I telephoned the paper and asked them to hold the cookery page. As a request at ten past nine at night, it was poorly received. I was asked why, and the explanation was met with disbelief.
‘I think you had better get in here as quickly as possible,’ said the editor in a voice that I knew was holding on by only a thread.
We had no car, so I started to run the nine miles from Dalkey to Dublin purple-faced, panic-stricken. An unknown man with a car gave me a lift, and when he heard my errand he abandoned his car in the traffic in D’Olier Street and came in with me, a total stranger, saying he had to see; he loved to know how other people coped in a crisis.
Grimly, I discovered, very grimly. They stood around my desk searching hopelessly for any alternative picture; not having unearthed the Emergency Cookery Pictures File, they found only a cache of Kit Kat wrappers and a bundle of magazines of much lower brow than I would have liked it known I read.
The replacement picture had to be of the same size. There was now no time to enlarge or reduce anything that emerged from the file. Eventually I found one, an egg in an egg cup … I think it was a picture from an advertising agency trying to show the charms of some china.
Underneath the picture, and under the grim glance of Top People, I typed out, ‘Why be content with a boiled egg on a winter’s evening when you could have all these tasty veal recipes?’
Theodora was on the phone bright and early.
‘You didn’t exactly kill yourself getting an illustration,’ she said to me frostily.

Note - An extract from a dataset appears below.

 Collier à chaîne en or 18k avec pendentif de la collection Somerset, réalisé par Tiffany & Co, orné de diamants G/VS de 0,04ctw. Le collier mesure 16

But she was delighted with the explanation of the terrible happenings the night before. She said she had lived a colourful life and it would have been entertaining to have added a prosecution for cannibalism to her other achievements. She seemed to regret my last-minute discovery and heroic dash to save us all from turning out a cookery page that would have been a collector’s item.

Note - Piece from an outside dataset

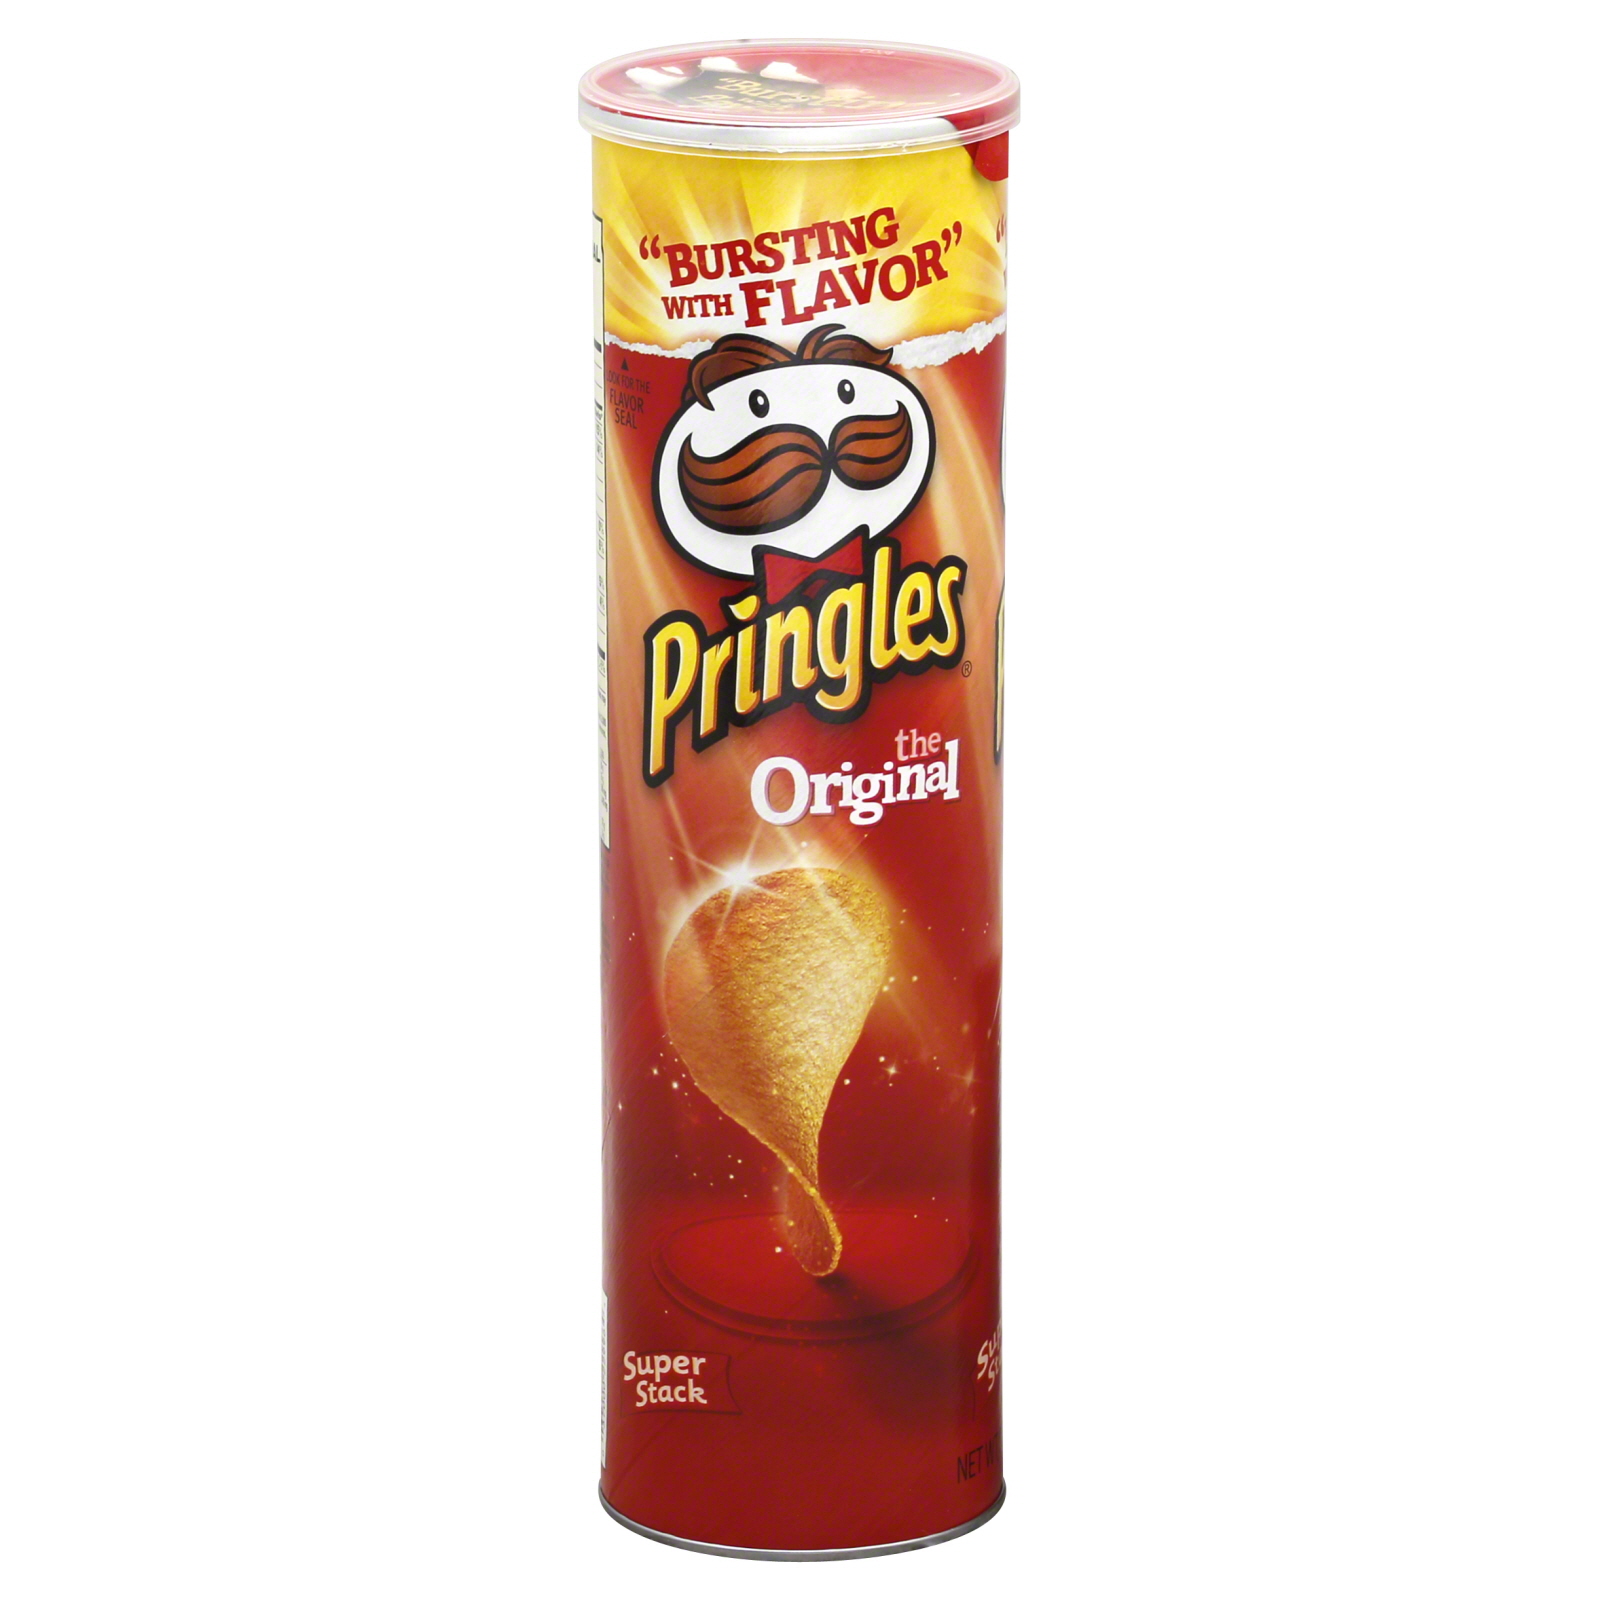 Pringles Potato Crisps, The Original, Super Stack, 6.41 oz (182 g)

She said almost wistfully that it would have been something that would make people remember her … as if there were a chance that any of us will ever forget Theodora.
E
ven though a heavy cloud of greyness is hanging over the British election, there’s still a whiff of intrigue about it all. I’m excited already at the thought of going to the press conferences and looking them all straight in their weary eyes and seeing how they’re bearing up.
And it also reminds me of the great happiness of going back to school knowing that a hated teacher has gone, you can hardly dare to believe it. She won’t be there in the hound’s-tooth suit baying at the back of the hall, turning with reptilian cunning to the cowering ministers on either side saying those dreaded words, ‘I think that’s one for you, Home Secretary, or Chancellor,’ addressing any number of men whose nervous systems and political futures she unsettled over the years.
I have no nostalgia for those Thatcher days when the sun always shone and we were sure of a good row story every outing.
I think the place is far better without her, and for once she may have done the wisest thing by leaving town. Because she sure as hell did everything else wrong a year and a half ago when she was leaving. She waited to be booted out, she patted the head of the little grey boy who was to be her successor and she even chose the wrong little grey boy to be her puppet because he cleared his throat and found his own voice and lived perfectly well without her.
She should have gone six months earlier and sat watching them running around like headless rabbits tearing each other to bits.